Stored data
*** Begin section ***
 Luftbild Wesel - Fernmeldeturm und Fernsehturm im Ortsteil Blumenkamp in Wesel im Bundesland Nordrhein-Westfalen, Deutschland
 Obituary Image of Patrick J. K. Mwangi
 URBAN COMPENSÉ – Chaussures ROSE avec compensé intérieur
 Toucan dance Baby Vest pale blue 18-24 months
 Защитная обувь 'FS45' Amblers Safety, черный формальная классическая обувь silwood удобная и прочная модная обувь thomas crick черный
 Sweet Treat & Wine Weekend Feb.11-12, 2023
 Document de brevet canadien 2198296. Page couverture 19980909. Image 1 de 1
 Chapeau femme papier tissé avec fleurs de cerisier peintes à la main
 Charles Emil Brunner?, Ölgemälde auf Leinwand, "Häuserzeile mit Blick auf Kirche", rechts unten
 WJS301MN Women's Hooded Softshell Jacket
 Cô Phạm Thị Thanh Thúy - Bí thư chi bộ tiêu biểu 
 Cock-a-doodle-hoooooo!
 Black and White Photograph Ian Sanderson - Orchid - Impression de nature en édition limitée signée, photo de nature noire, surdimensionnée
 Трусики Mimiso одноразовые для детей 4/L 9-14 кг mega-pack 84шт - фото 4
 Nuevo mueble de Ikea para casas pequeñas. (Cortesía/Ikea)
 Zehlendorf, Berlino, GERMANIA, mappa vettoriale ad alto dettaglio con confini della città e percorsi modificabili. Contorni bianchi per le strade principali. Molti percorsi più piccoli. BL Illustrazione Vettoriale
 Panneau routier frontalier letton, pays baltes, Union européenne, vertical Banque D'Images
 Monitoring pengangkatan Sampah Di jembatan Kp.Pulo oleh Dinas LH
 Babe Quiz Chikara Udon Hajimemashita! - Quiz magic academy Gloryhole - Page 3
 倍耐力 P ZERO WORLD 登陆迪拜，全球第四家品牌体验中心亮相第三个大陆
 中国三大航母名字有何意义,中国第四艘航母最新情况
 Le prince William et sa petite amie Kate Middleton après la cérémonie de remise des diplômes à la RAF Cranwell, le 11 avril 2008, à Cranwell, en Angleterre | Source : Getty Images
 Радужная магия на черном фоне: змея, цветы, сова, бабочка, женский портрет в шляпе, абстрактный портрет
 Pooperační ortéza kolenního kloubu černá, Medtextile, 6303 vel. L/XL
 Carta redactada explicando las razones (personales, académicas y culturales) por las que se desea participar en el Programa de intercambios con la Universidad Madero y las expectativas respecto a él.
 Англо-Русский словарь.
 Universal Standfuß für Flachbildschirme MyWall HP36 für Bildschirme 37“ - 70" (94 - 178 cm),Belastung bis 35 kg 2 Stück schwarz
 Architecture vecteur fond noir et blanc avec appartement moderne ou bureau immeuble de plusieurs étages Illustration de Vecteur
*** End section ***
ASSIGNED TASK:
Copy out each line of the data above, exactly, if it lies between the line holding "WJS301MN Women's Hooded Softshell Jacket" and the line holding "Babe Quiz Chikara", inclusive; copy no other line.

RESULT OF THE EXERCISE:
 WJS301MN Women's Hooded Softshell Jacket
 Cô Phạm Thị Thanh Thúy - Bí thư chi bộ tiêu biểu 
 Cock-a-doodle-hoooooo!
 Black and White Photograph Ian Sanderson - Orchid - Impression de nature en édition limitée signée, photo de nature noire, surdimensionnée
 Трусики Mimiso одноразовые для детей 4/L 9-14 кг mega-pack 84шт - фото 4
 Nuevo mueble de Ikea para casas pequeñas. (Cortesía/Ikea)
 Zehlendorf, Berlino, GERMANIA, mappa vettoriale ad alto dettaglio con confini della città e percorsi modificabili. Contorni bianchi per le strade principali. Molti percorsi più piccoli. BL Illustrazione Vettoriale
 Panneau routier frontalier letton, pays baltes, Union européenne, vertical Banque D'Images
 Monitoring pengangkatan Sampah Di jembatan Kp.Pulo oleh Dinas LH
 Babe Quiz Chikara Udon Hajimemashita! - Quiz magic academy Gloryhole - Page 3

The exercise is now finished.